What this task involves — Write down exactly the lines from the one below that has "Luis Almagro coincide" to the end of the data, both ends included; the pictures should not appear in your copy.

Supplied material —
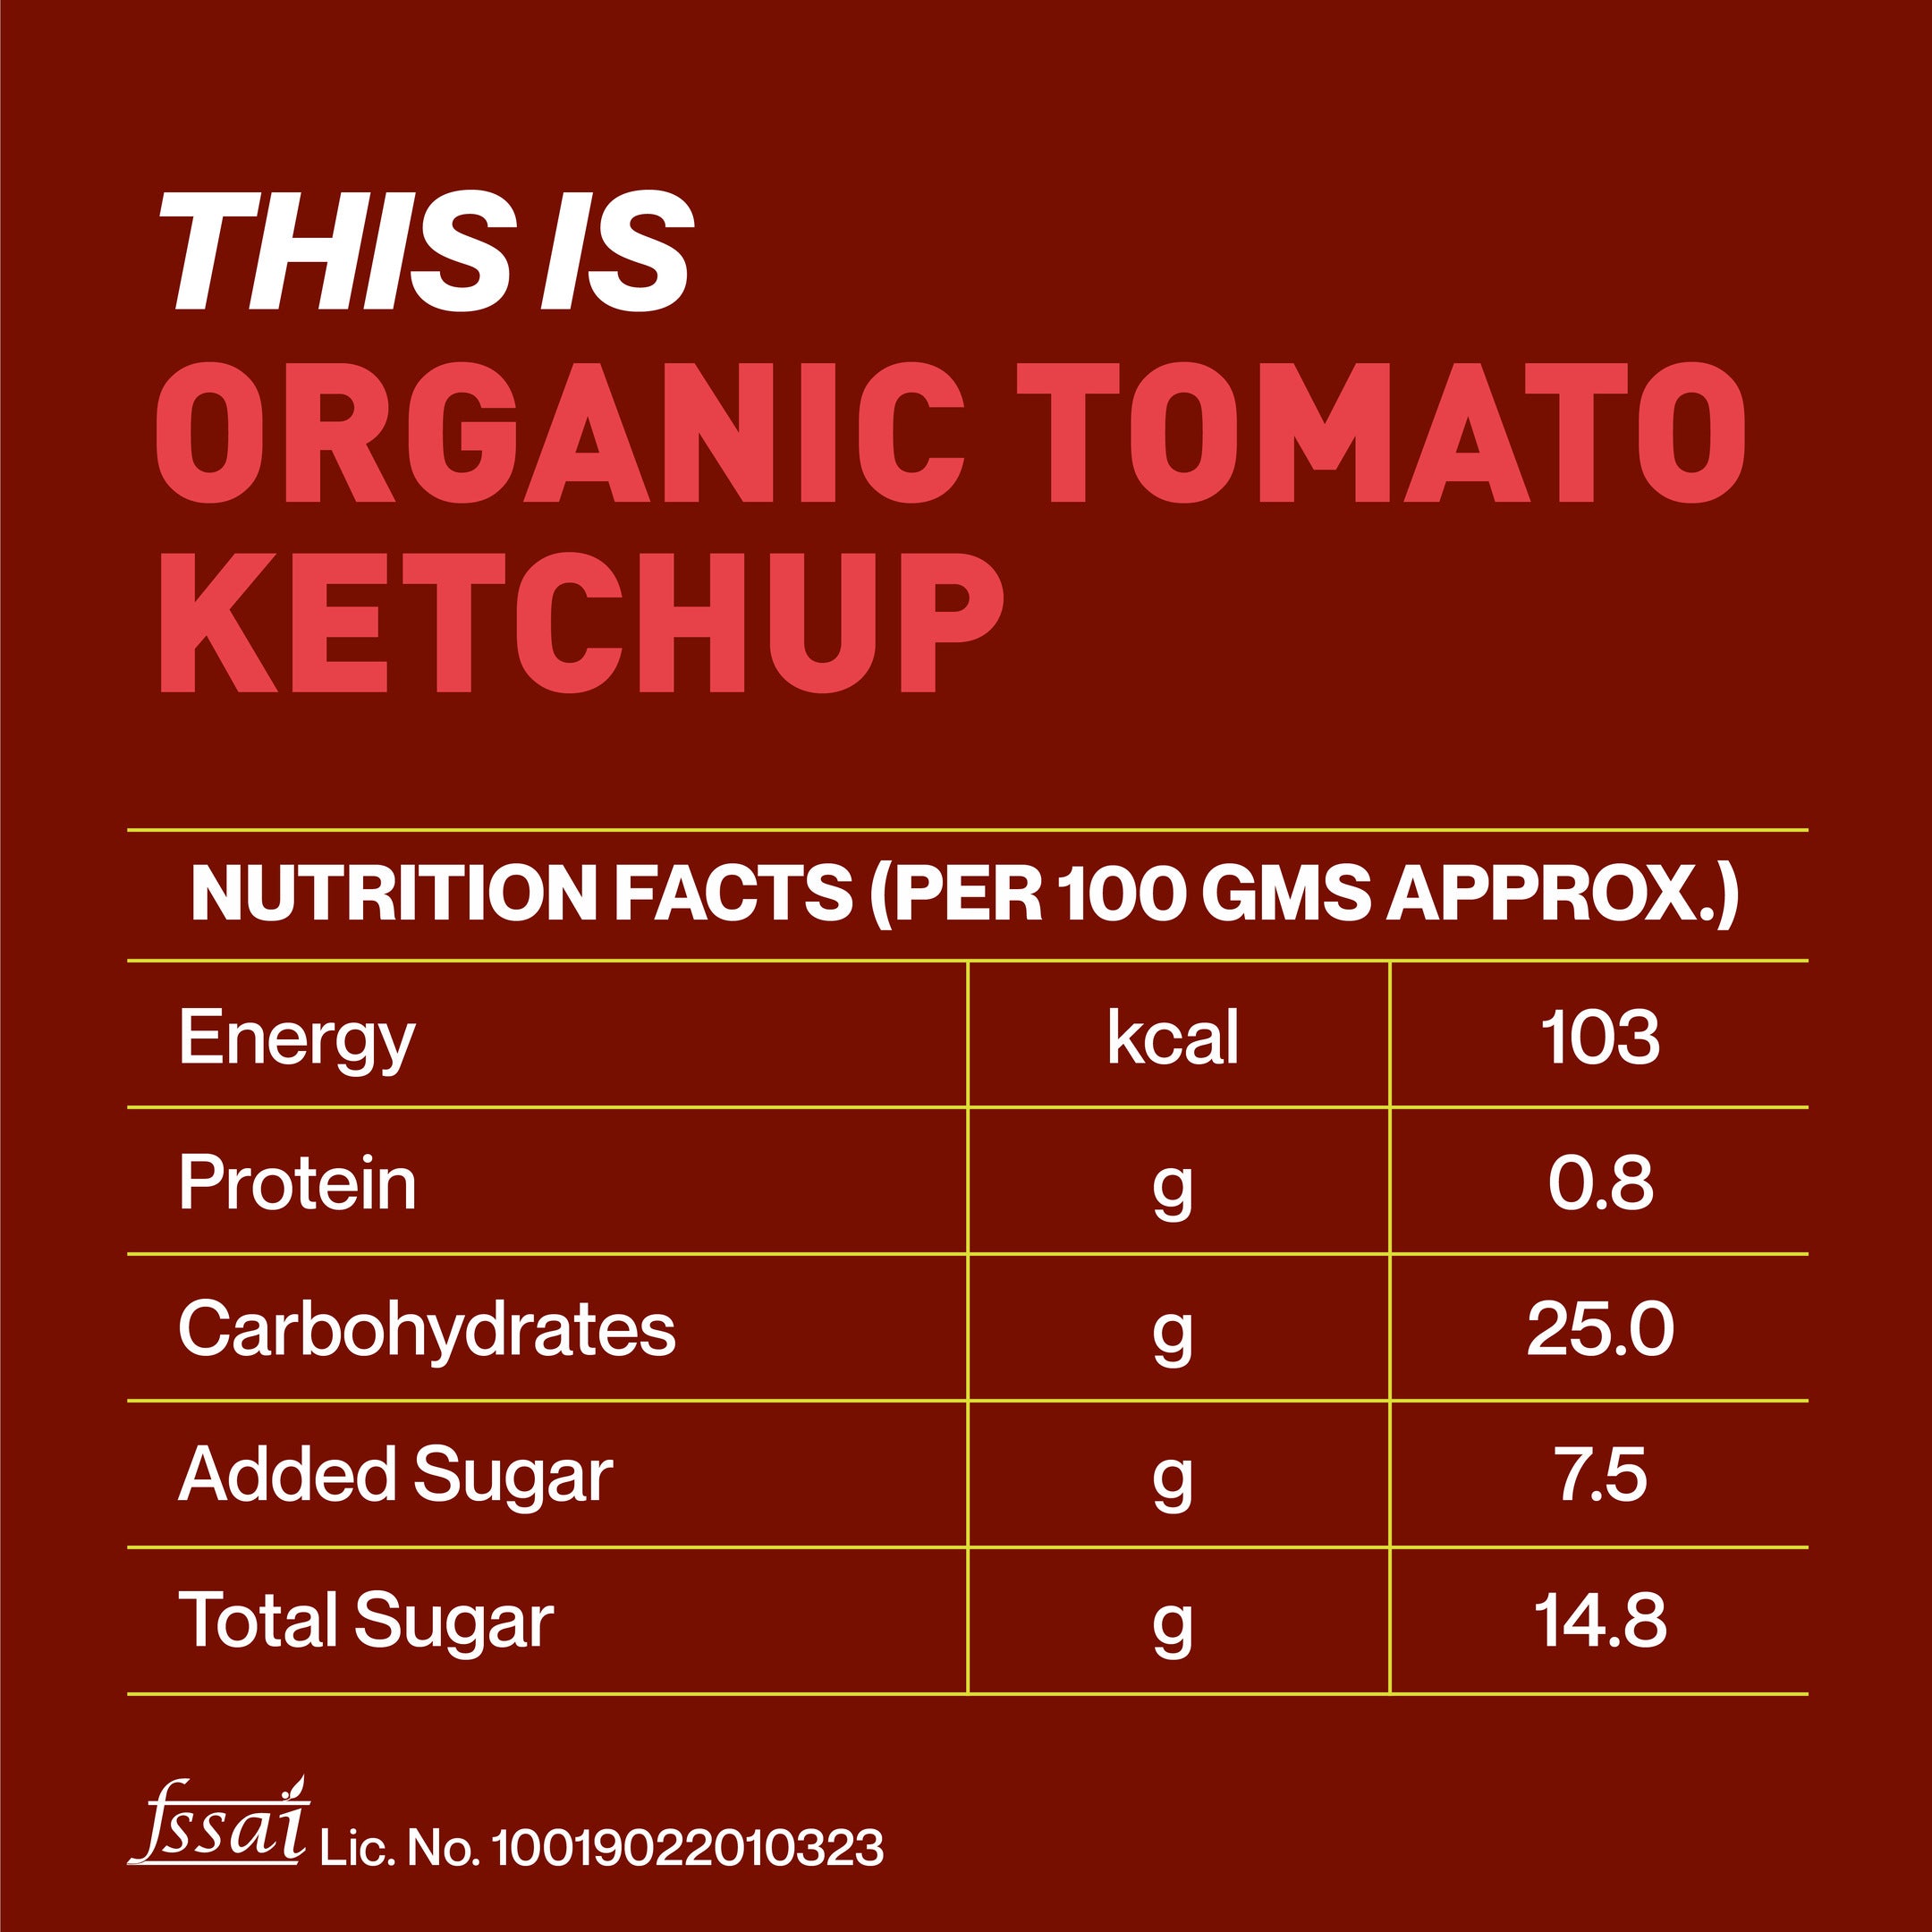 Zama Organics Organic Tomato Ketchup 300g
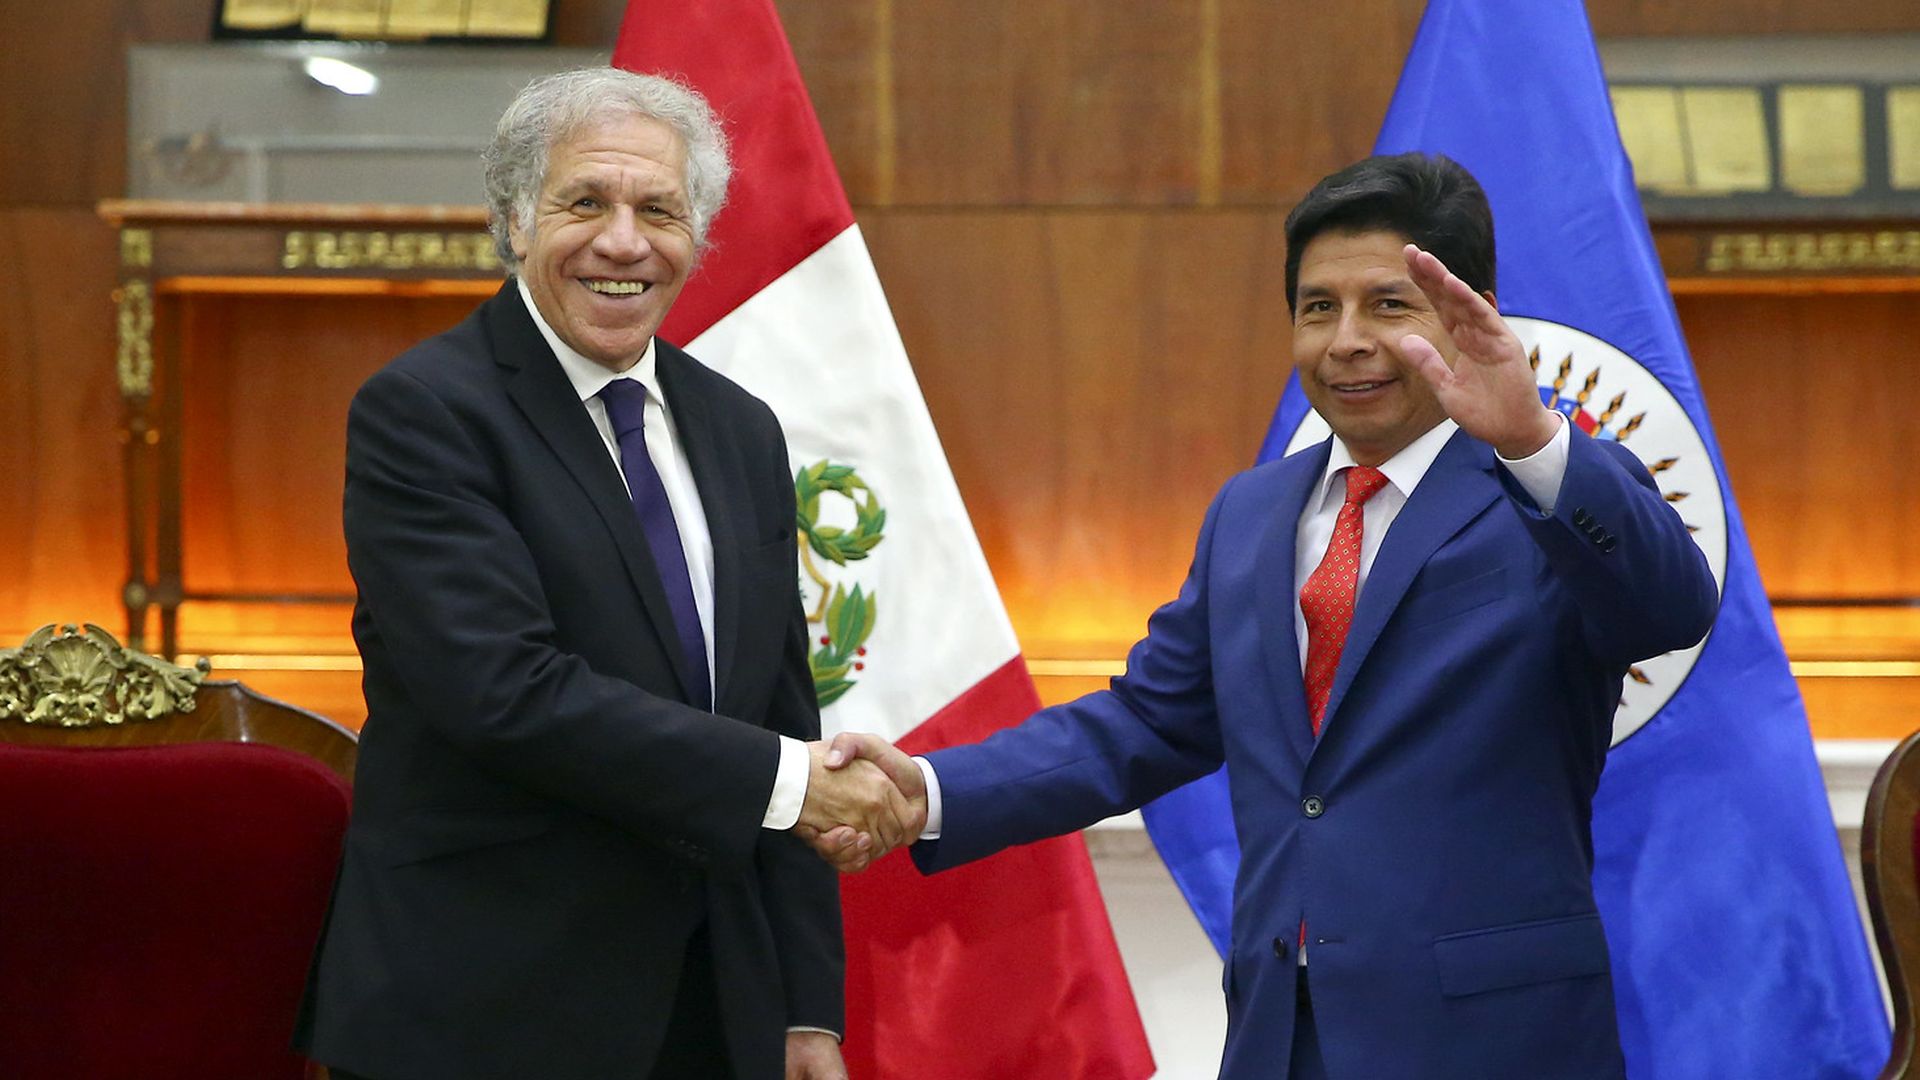 Luis Almagro coincide con Pedro Castillo en que debe existir una tregua política para superar la crisis en Perú
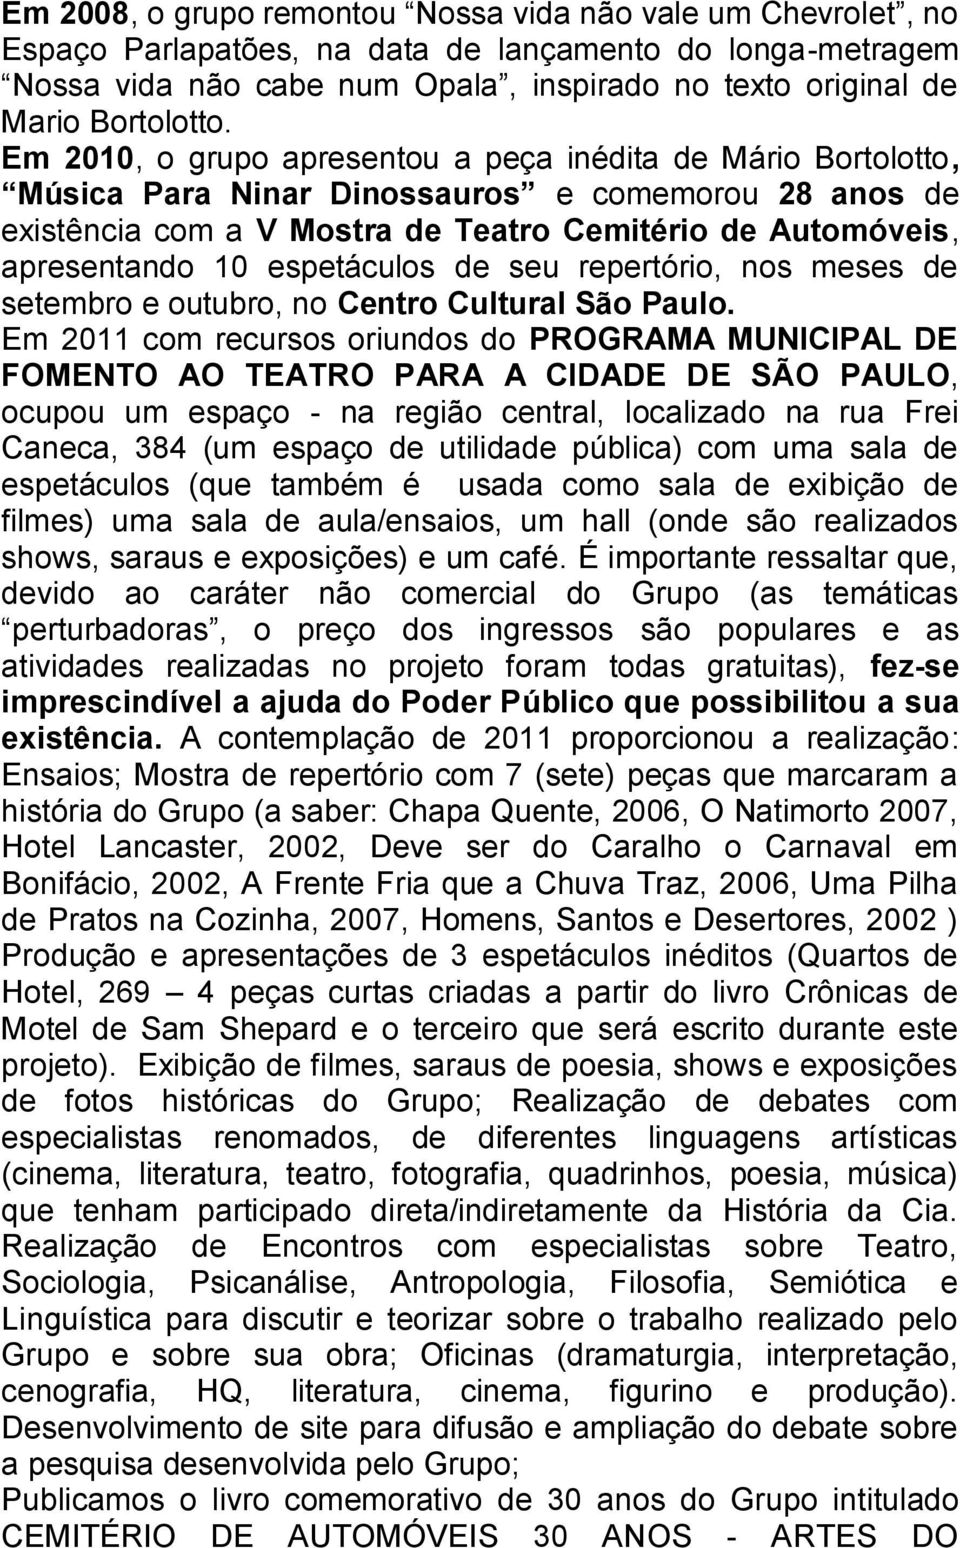 Em 2010, o grupo apresentou a peça inédita de Mário Bortolotto, Música Para Ninar Dinossauros e comemorou 28 anos de existência com a V Mostra de Teatro Cemitério de Automóveis, apresentando 10

Solved problem —
 Luis Almagro coincide con Pedro Castillo en que debe existir una tregua política para superar la crisis en Perú
 Em 2010, o grupo apresentou a peça inédita de Mário Bortolotto, Música Para Ninar Dinossauros e comemorou 28 anos de existência com a V Mostra de Teatro Cemitério de Automóveis, apresentando 10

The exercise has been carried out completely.